И — «тренировочные рейды» Долохова. Замученных и убитых потом магглов… Помнит своё первое убийство — перерезанное горло… «быстро и чисто», — сказал тогда Долохов, кажется, удивившись. А его самого тогда рвало в углу, и руки тряслись так, что он едва мог удержать палочку… и больше всего хотелось свернуться клубком, спрятаться под одеяло и никогда никуда больше не выходить. Такая живая и красная кровь… Что же они творили… зачем…
— Вы в порядке? — голос полковника Арчера возвращает его к реальности.
— Не слишком, — говорит он, неохотно отнимая от лица руки.
Да не то слово… Ему так мерзко, как никогда, кажется, не было. От себя самого. Как же жаль, что в детстве он ничего этого не знал…
— Такое сложное заклинание?
— Да нет… дело не в нём. А в том, что я там увидел.
Ойген встаёт и подходит к стене. Рассматривает фотографии… Один снимок особенно привлекает его внимание: Ревальт Мальсибер стоит, обняв двух миловидных девушек, рядом с небольшим самолётом. Он счастливо смеётся — снимок неподвижен, конечно, но момент схвачен очень удачно, и улыбка вышла очень живой.

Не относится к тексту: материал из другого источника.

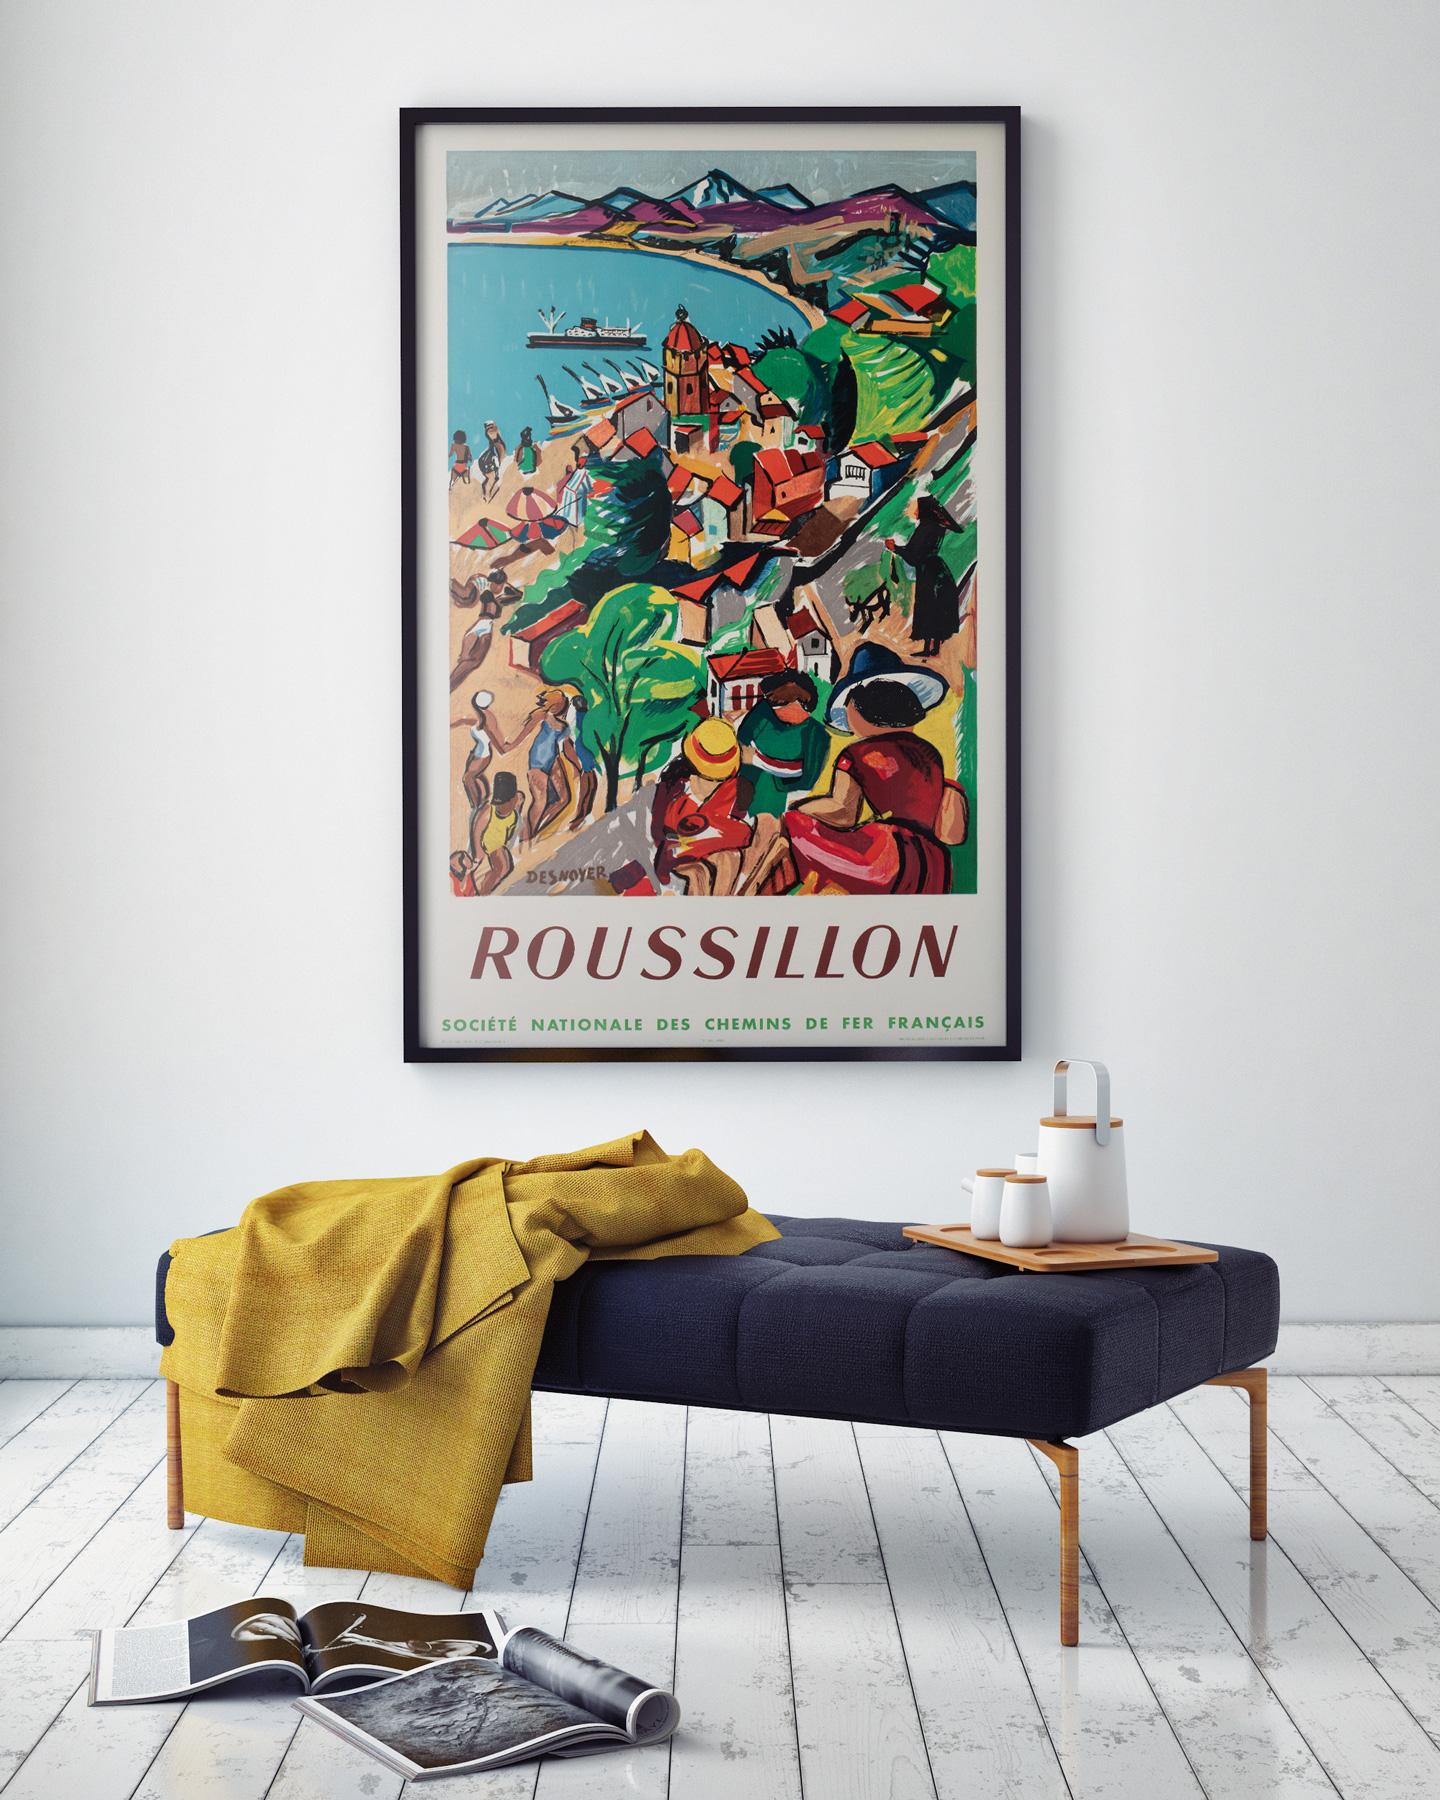 Beautiful original Cote d'Azur  French Travel poster from 1947 designed by Jal. Created for French railways SNCF this poster was part of the post war effort to stimuate tourism for the country. 

Beautiful original 1952 SNCF French Railways Travel

— Вы говорили, он хотел летать, — говорит Ойген. — Я тоже люблю самолёты… они совсем не похожи на мётлы.
— А я никогда на метле не летал, — говорит Арчер. — В детстве обидно было…
— Хотите? — тут же предлагает Ойген. — На метле вполне можно летать вдвоём… я могу принести — у меня дома есть неплохая.
— А что, — медленно говорит полковник, теребя ус. — Это будет… забавно. Давайте.
— Вы позволите аппарировать прямо сюда?
— Аппарировать, — усмехается тот. — Я давным-давно живу безо всякой магии… я уже и забыл всё это. Да, конечно. Куда же ещё.
— Я сейчас, — говорит Ойген — и аппарирует домой. Там берёт в кладовке метлу — и сразу же возвращается. — Здесь вокруг м… люди, — называть тех магглами в Штатах и не принято, и сейчас как-то совсем неуместно. — Я думаю…
— Магглы, — говорит Арчер. — Простецы. Так вы нас называете?
— Вас мы называем сквибы, — говорит Ойген. — А их — да, магглы. Но это европейское слово, здесь оно…
— Да бросьте, — морщится Арчер. — Не надо тут передо мной… Вся эта политкорректность, — он машет рукой. — Вещи надо называть так, как они называются, а не изобретать новояз. Давайте свою метлу, — он встаёт.
— Лучше не здесь, я думаю, — говорит Ойген. — Давайте аппарируем в какое-нибудь безлюдное место — я знаю здесь несколько.
— Аппарация мне знакома, — кивает тот. — Хотя это тоже было очень давно…
Ойген подхватывает его — и аппарирует туда, где обычно сам и летает: в пустыню. Там никогда никого нет… а если вдруг кто и будет — спишет на галлюцинацию.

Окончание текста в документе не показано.